*Task*. Print the data below exactly as it stands, and keep the pictures out.

*Source material*.
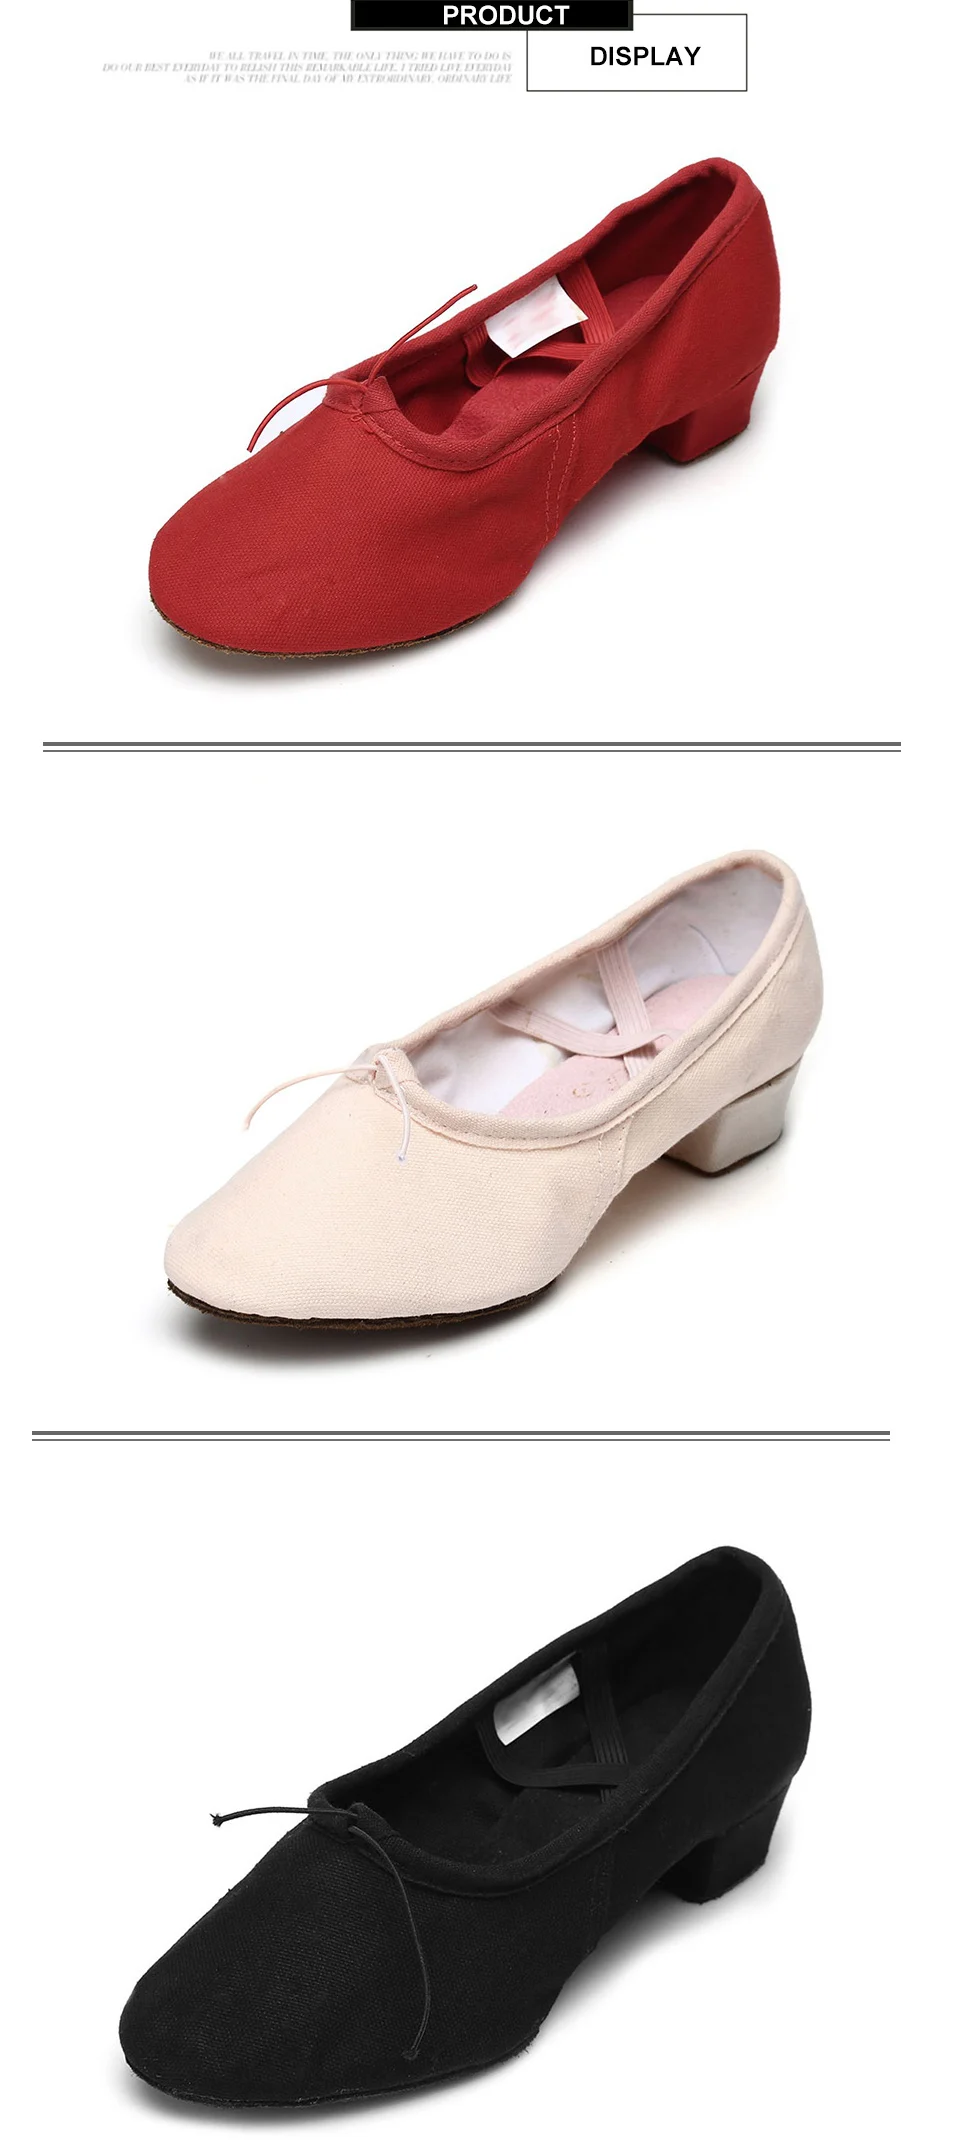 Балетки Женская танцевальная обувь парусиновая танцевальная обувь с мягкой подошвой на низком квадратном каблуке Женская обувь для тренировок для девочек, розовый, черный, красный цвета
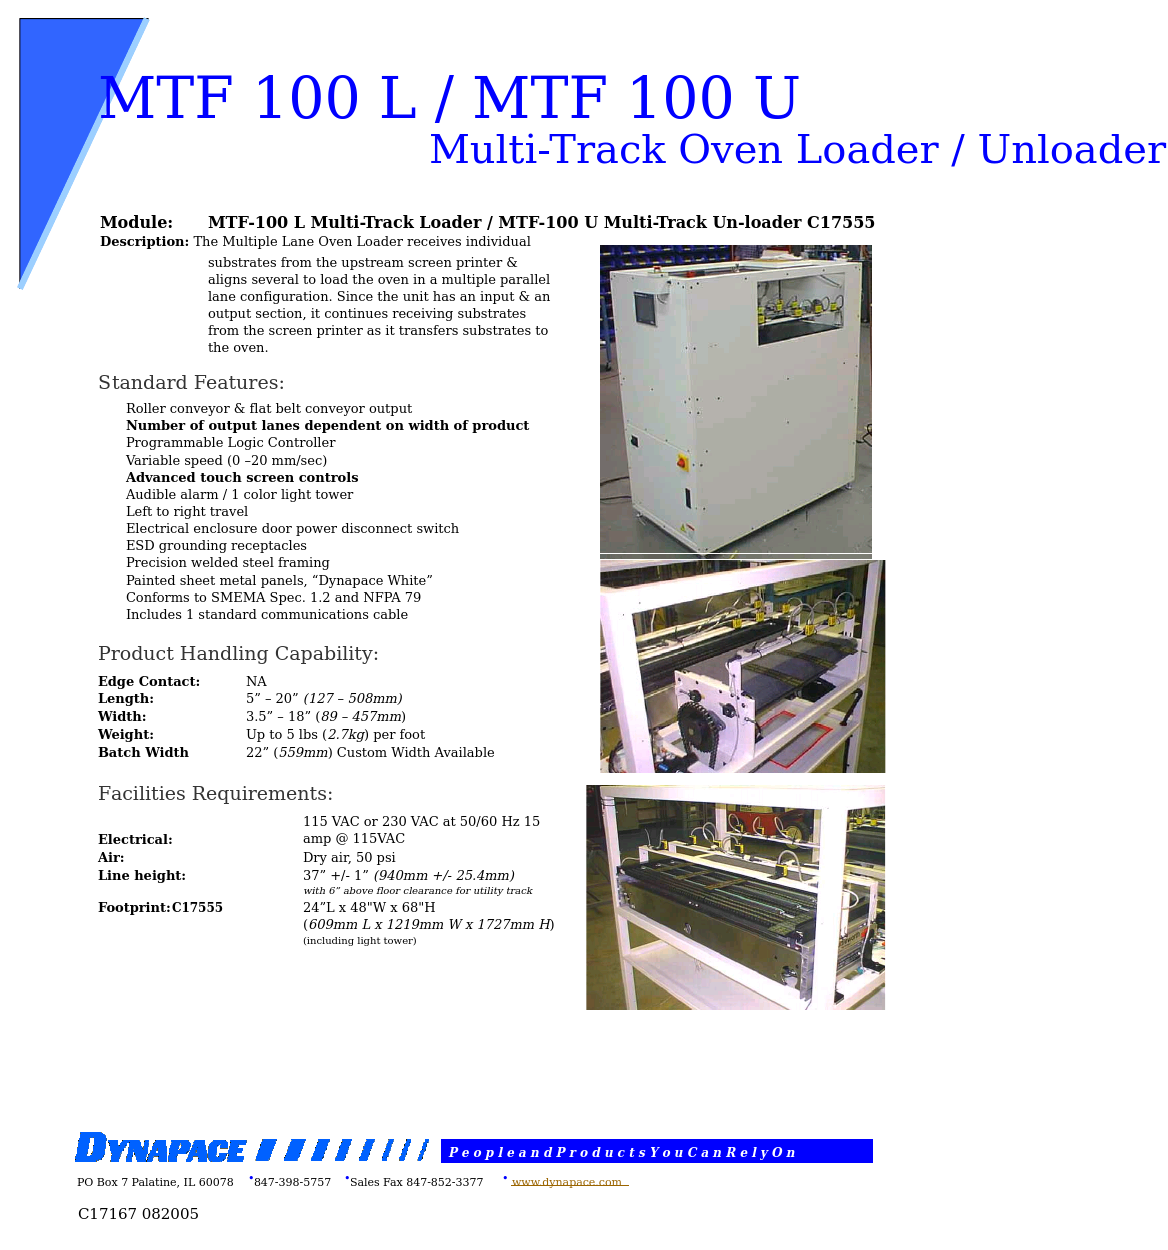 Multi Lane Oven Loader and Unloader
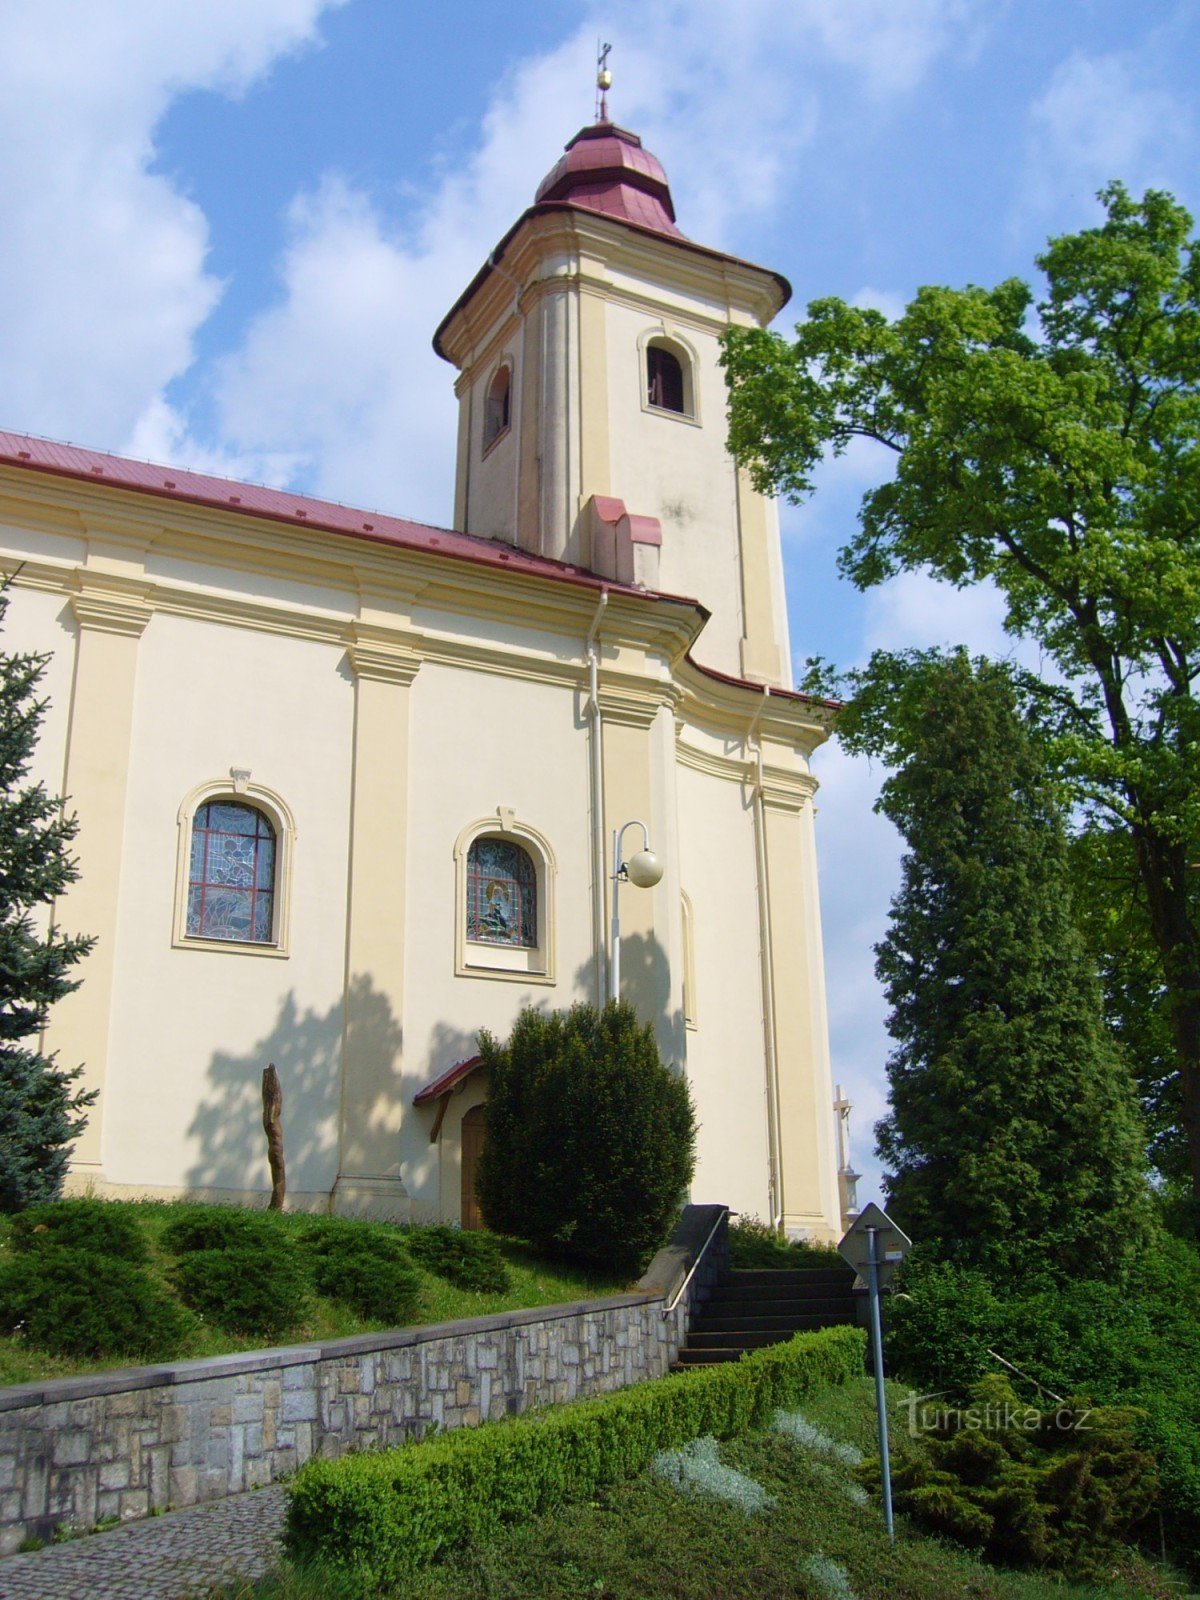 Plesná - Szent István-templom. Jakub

*Output of the task*.
 Балетки Женская танцевальная обувь парусиновая танцевальная обувь с мягкой подошвой на низком квадратном каблуке Женская обувь для тренировок для девочек, розовый, черный, красный цвета
 Multi Lane Oven Loader and Unloader
 Plesná - Szent István-templom. Jakub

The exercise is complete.